Use closing-line value guide to keep the examples attached to measurable prices.
Research note board
Use this table to turn the guide into a decision note. The point is to know when the idea is actionable and when it is only context.
| Angle | Input to verify | Example application | Pass when |
|---|---|---|---|
| Market price | Spread, total, moneyline, prop price, or futures hold | Chiefs and Bills compared through vig | The price has moved past the number that created the edge |
| Football or sport context | Role, pace, weather, injury status, opponent style | Josh Allen role news mapped to the relevant market | The original input changes or remains unconfirmed |
| Review loop | Entry, close, result, and reason code | hold logged with a clear thesis | You cannot explain whether the process beat the market |
Educational analysis only, not a bet recommendation.

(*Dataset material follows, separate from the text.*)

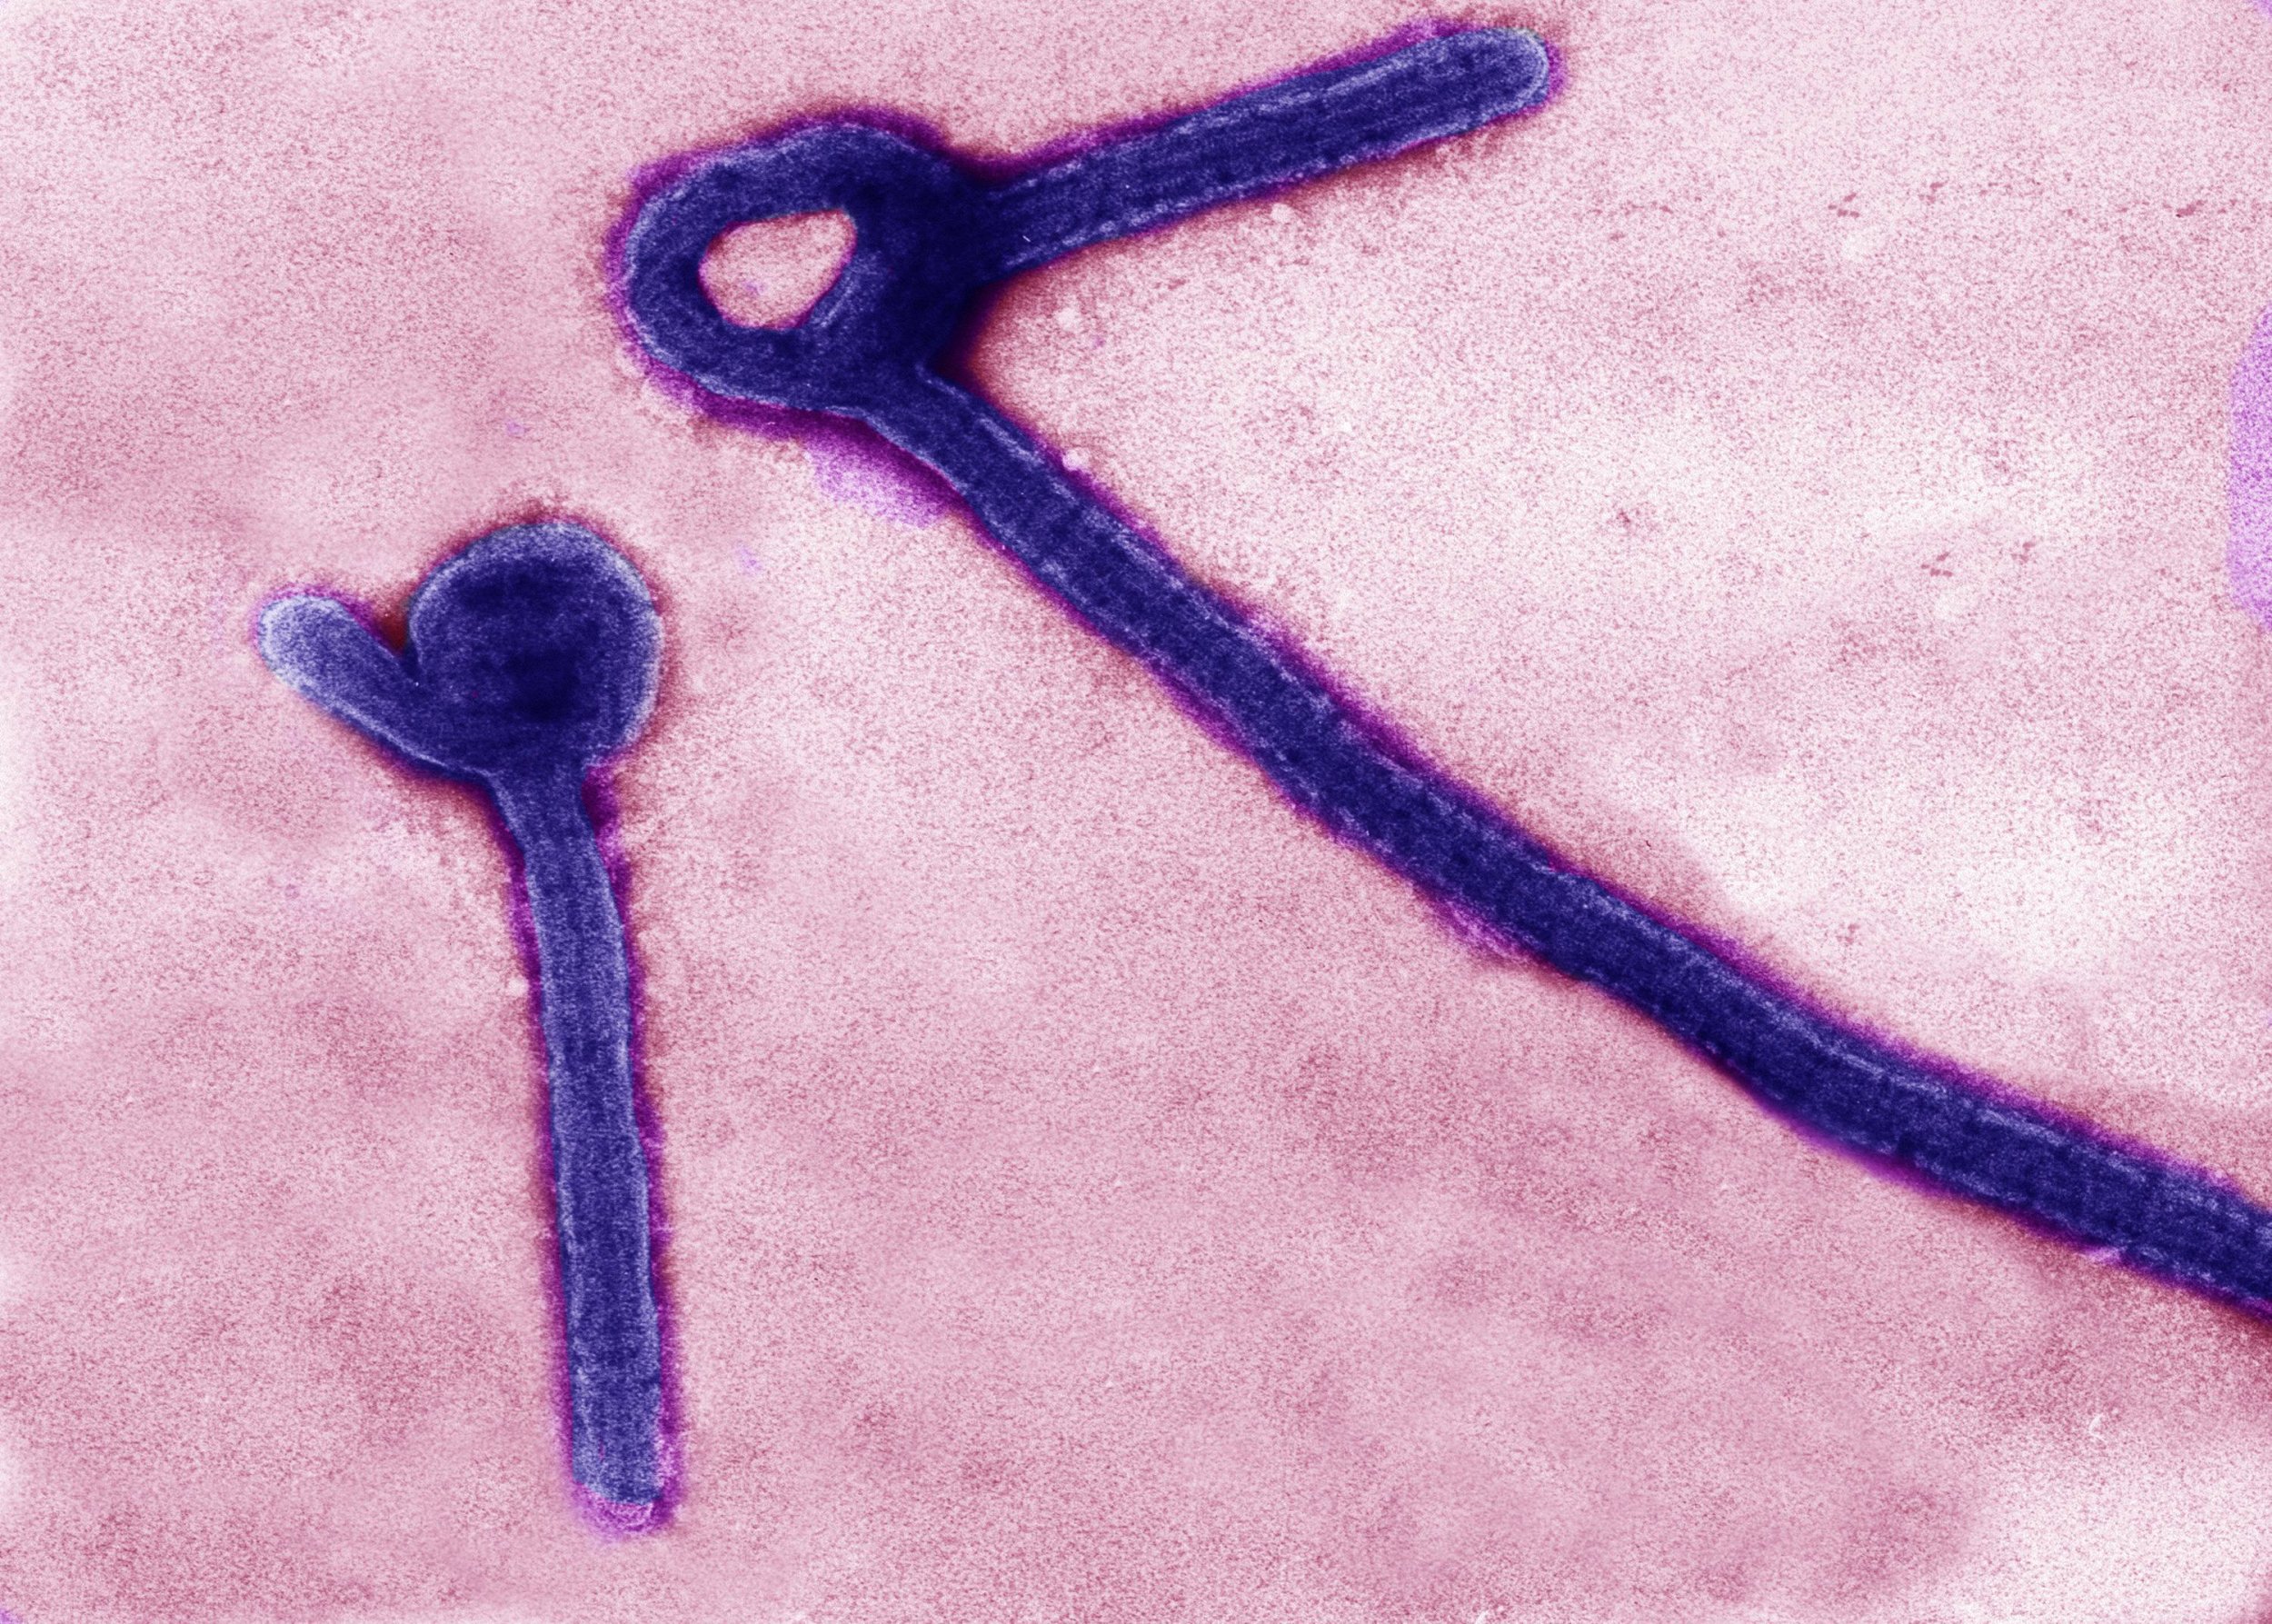 electron micrograph of Ebola virus

Check current lines, injuries, rules, contest terms, and local regulations before acting.
Average total points by weather bucket
Average combined points scored in NFL games by weather bucket over recent seasons. Wind above 20mph and snow each clip totals by 6-8 points vs domed games, which is why books move totals aggressively when forecasts shift.
NFL ATS cover-margin distribution
Distribution of (final margin − closing spread) across an NFL season. Roughly normal with mean ≈ 0 and standard deviation ≈ 13 points, which is why most ATS edges live in the ±1.5 point window.